WHAT THE TASK ASKS:
Please give back each line of the material unchanged, but without the images.
*** SUPPLIED DATA ***
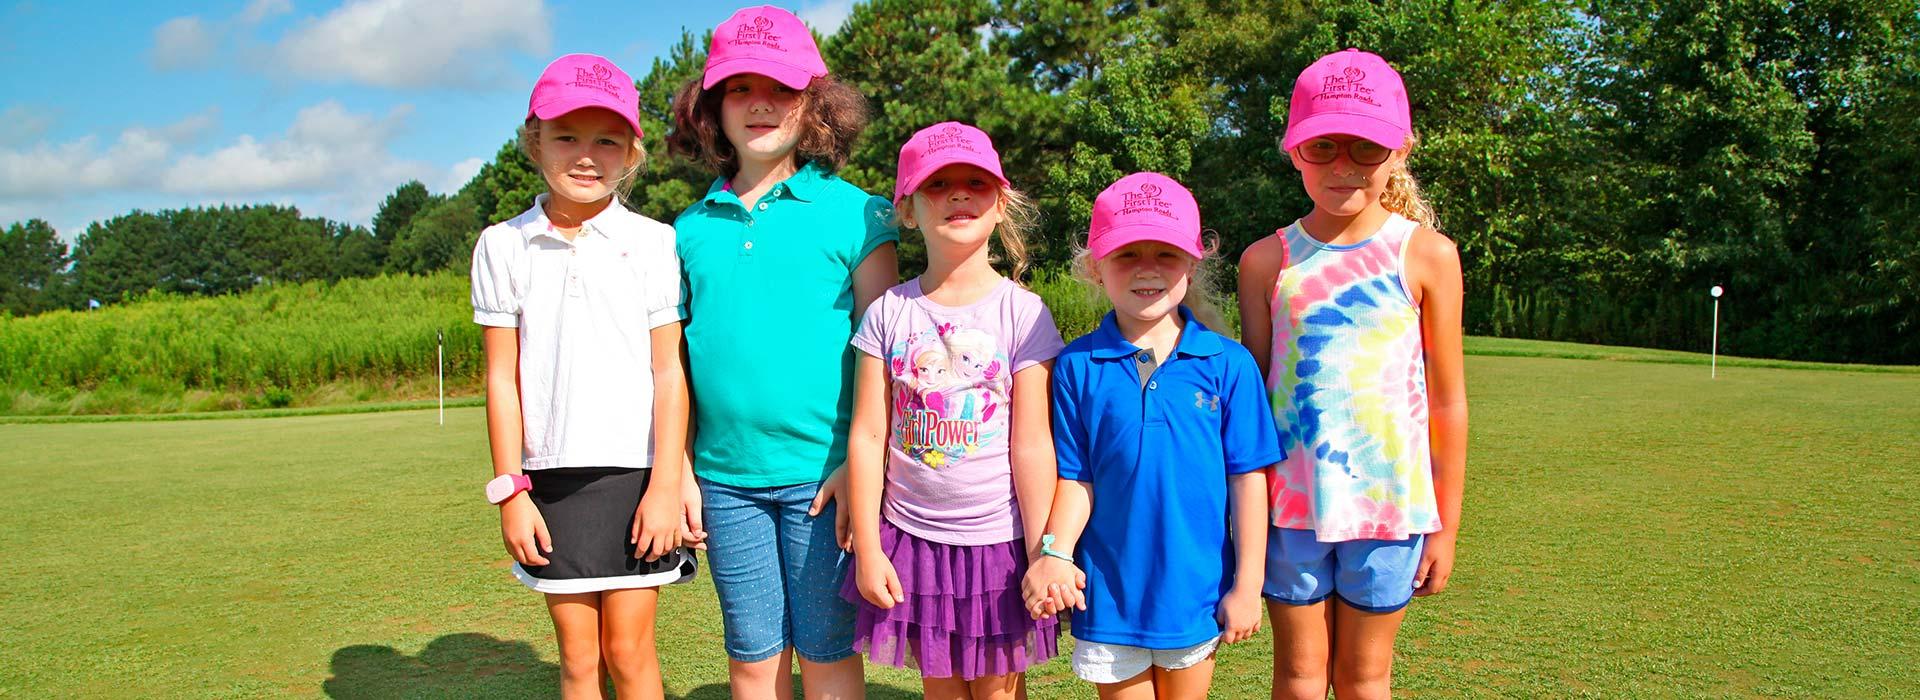 The First Tee of Hampton Roads girls standing together
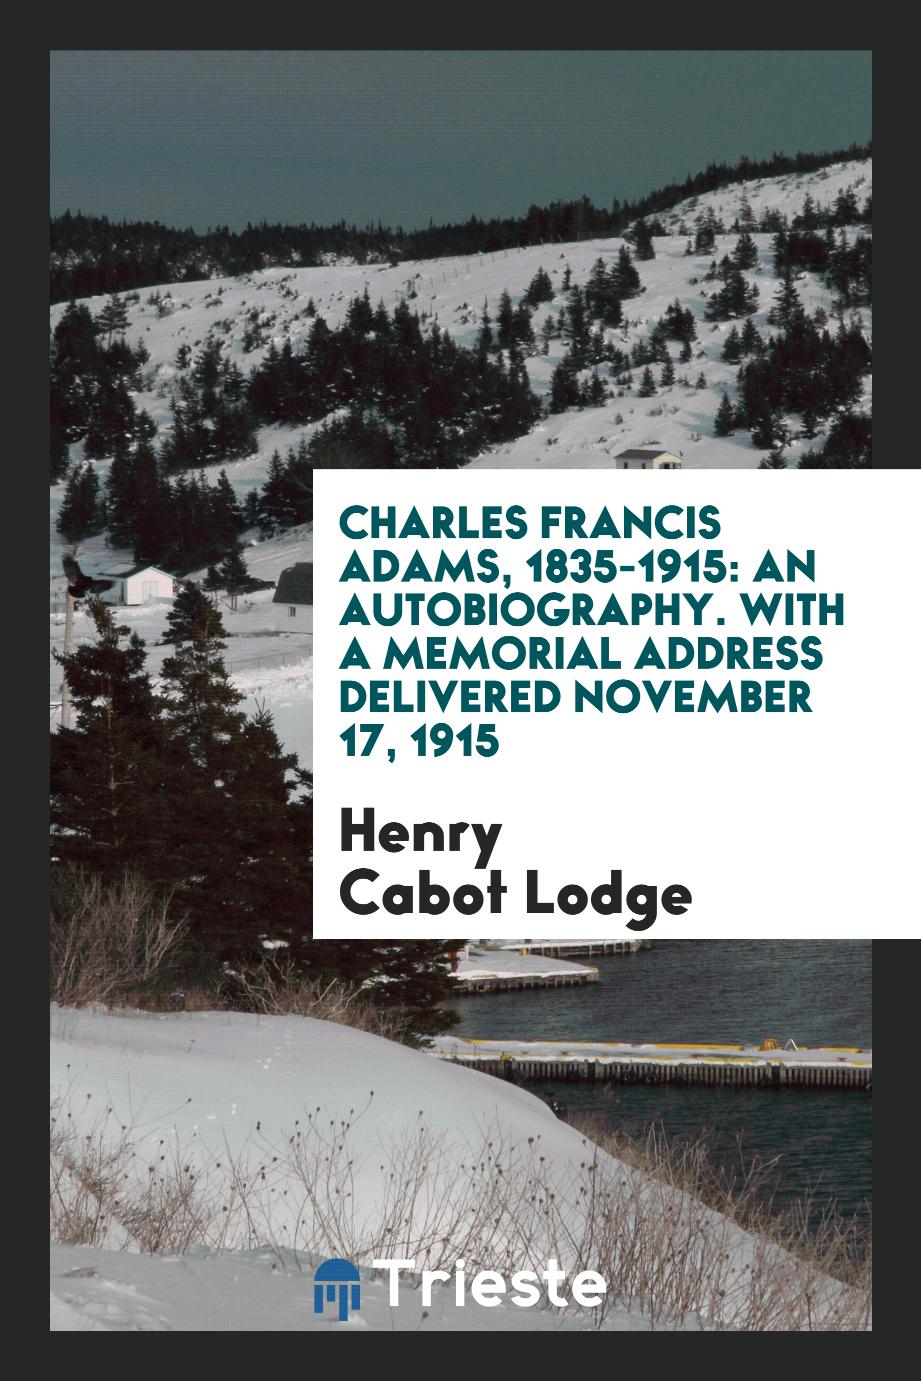 Charles Francis Adams, 1835-1915: An Autobiography. With a Memorial Address Delivered November 17, 1915
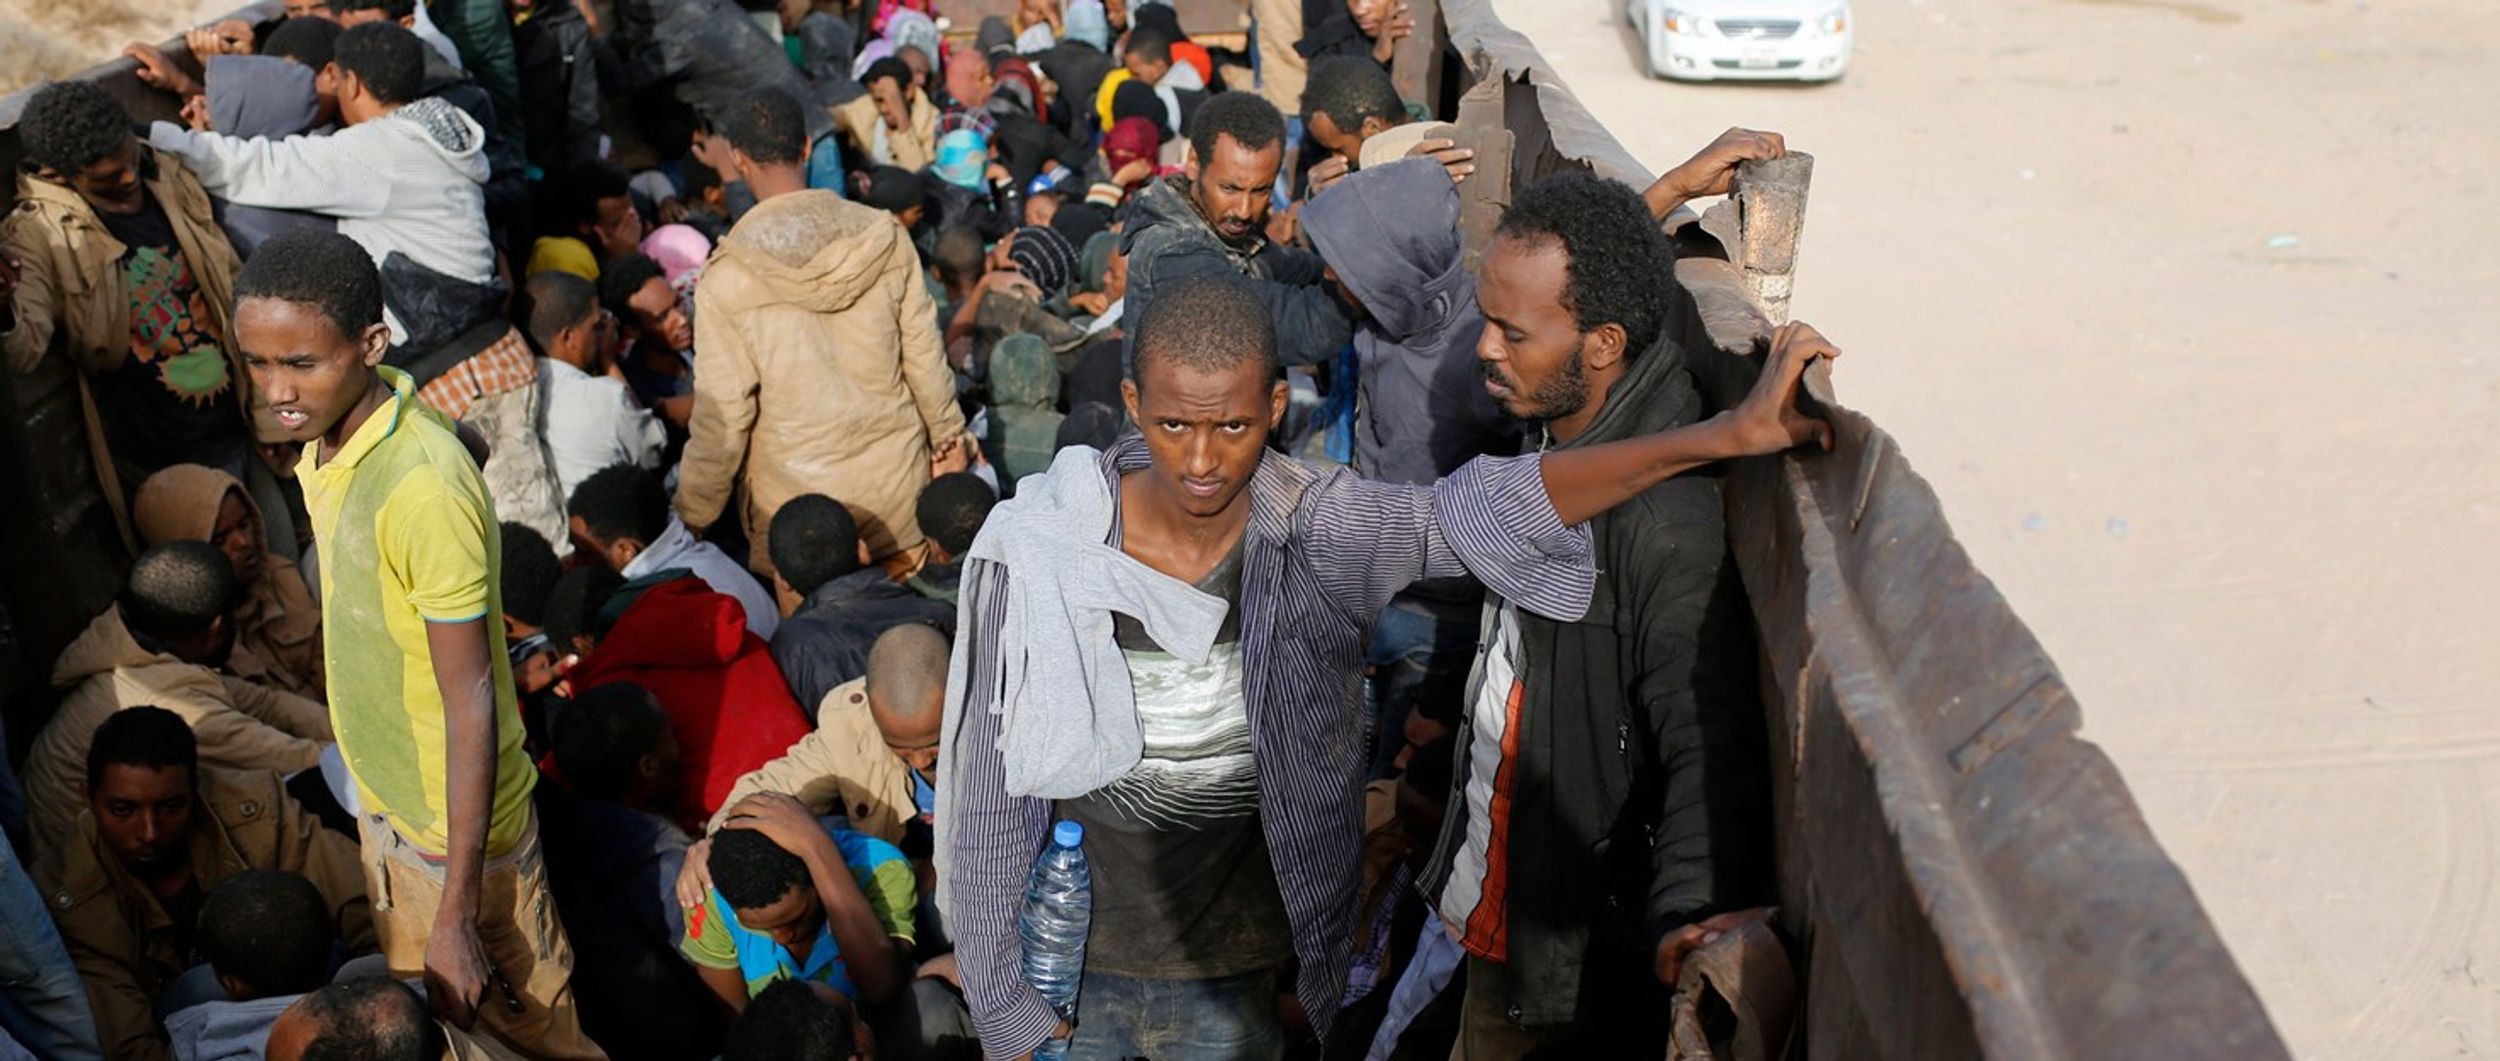 Slave Auctions of Migrants in Libya
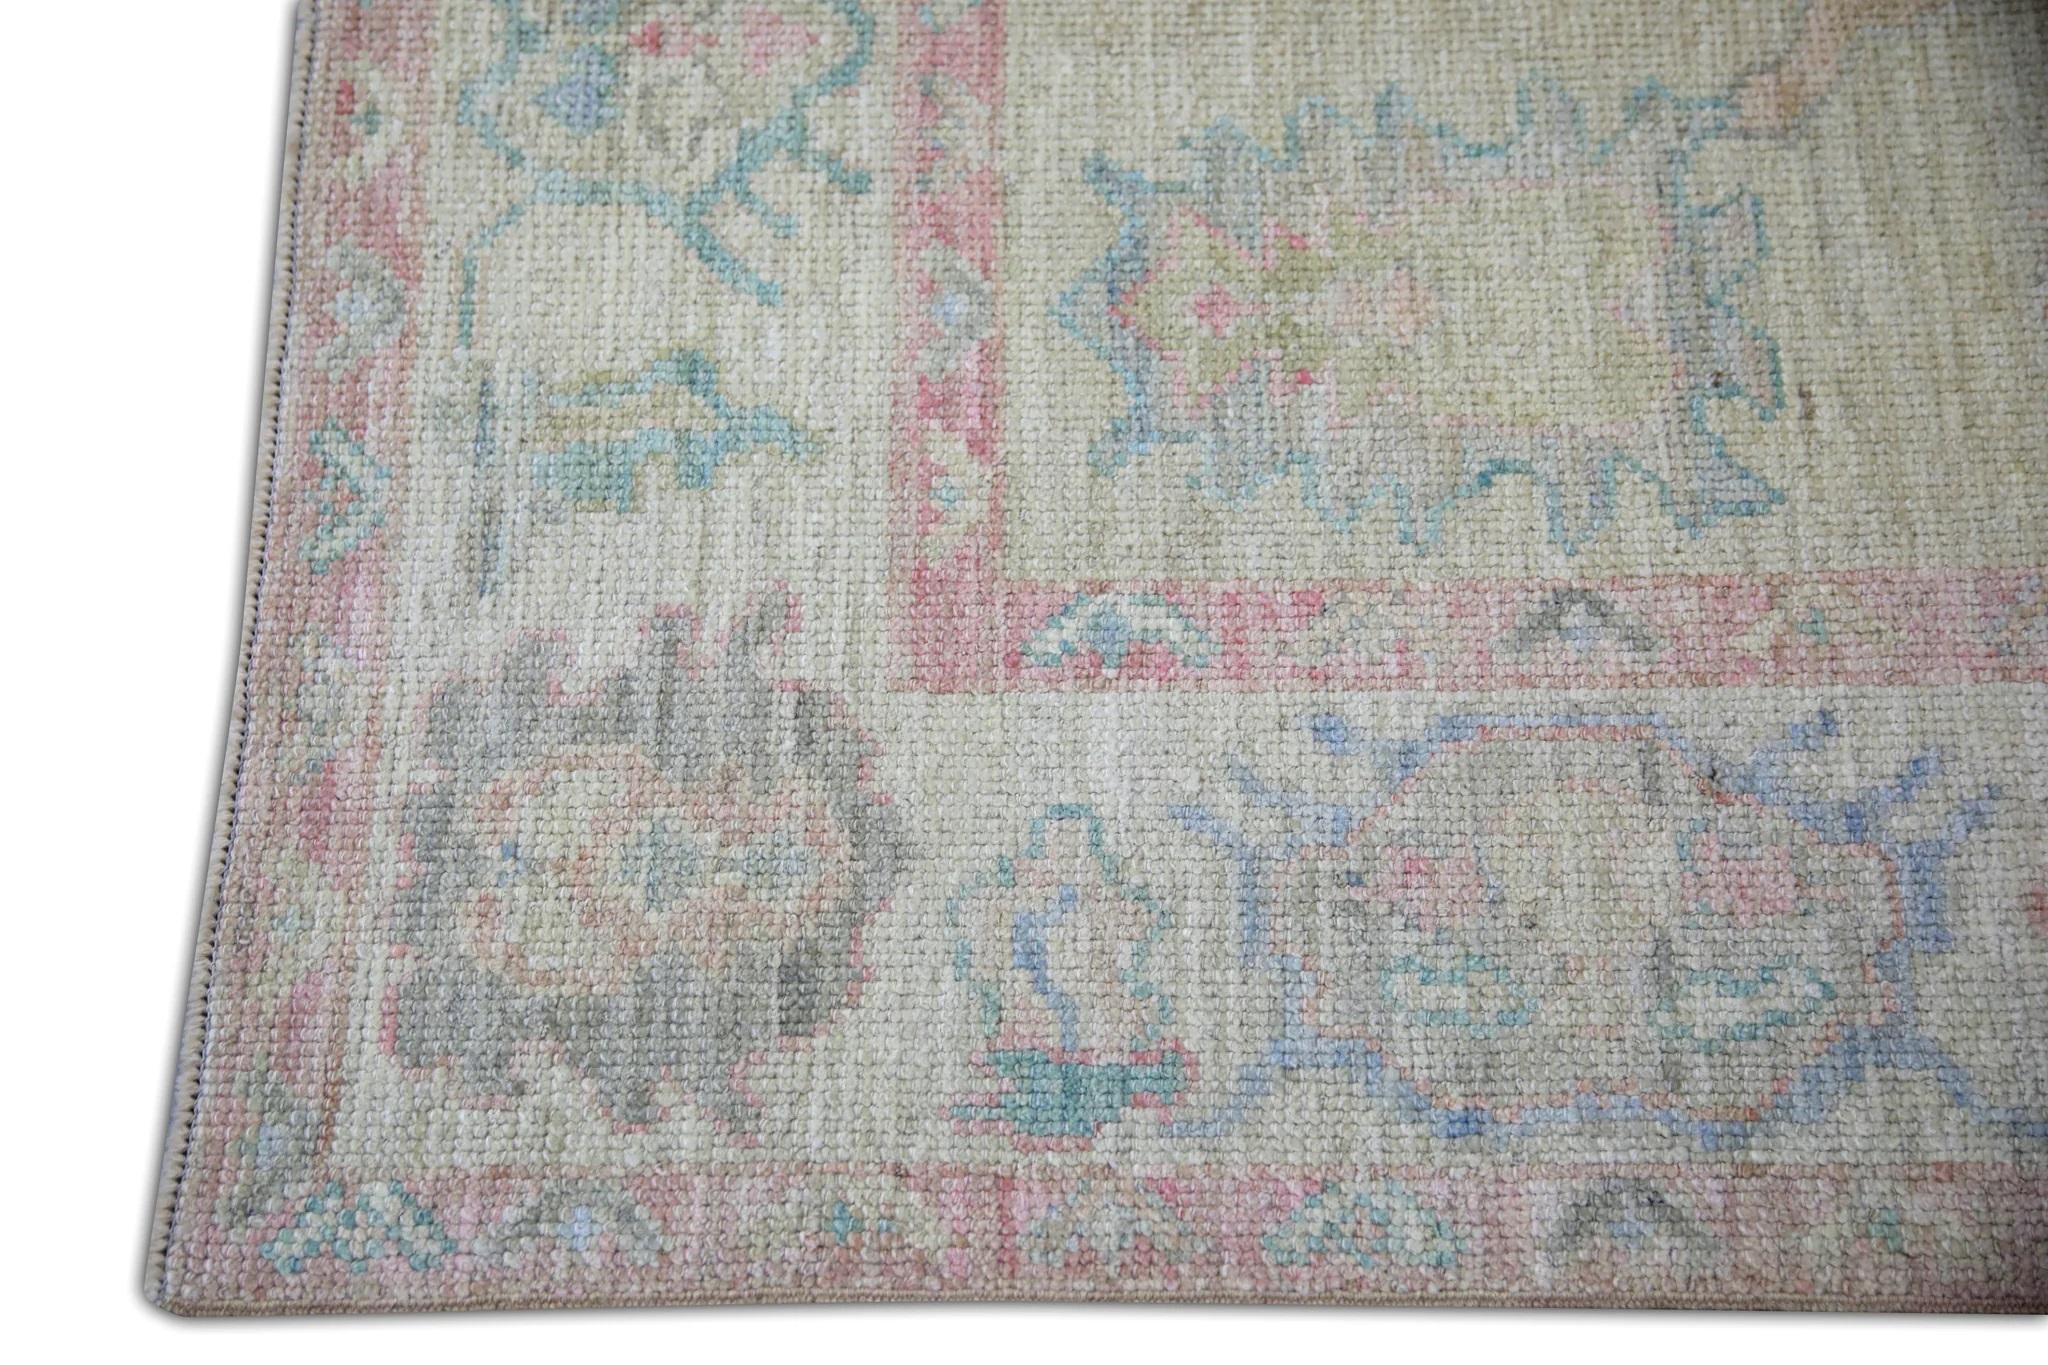 Vegetable Dyed Multicolor Floral Handwoven Wool Turkish Oushak Rug 5' x 6'9
*** End of SUPPLIED DATA ***
SOLUTION TO THE PROBLEM:
 The First Tee of Hampton Roads girls standing together
 Charles Francis Adams, 1835-1915: An Autobiography. With a Memorial Address Delivered November 17, 1915
 Slave Auctions of Migrants in Libya
 Vegetable Dyed Multicolor Floral Handwoven Wool Turkish Oushak Rug 5' x 6'9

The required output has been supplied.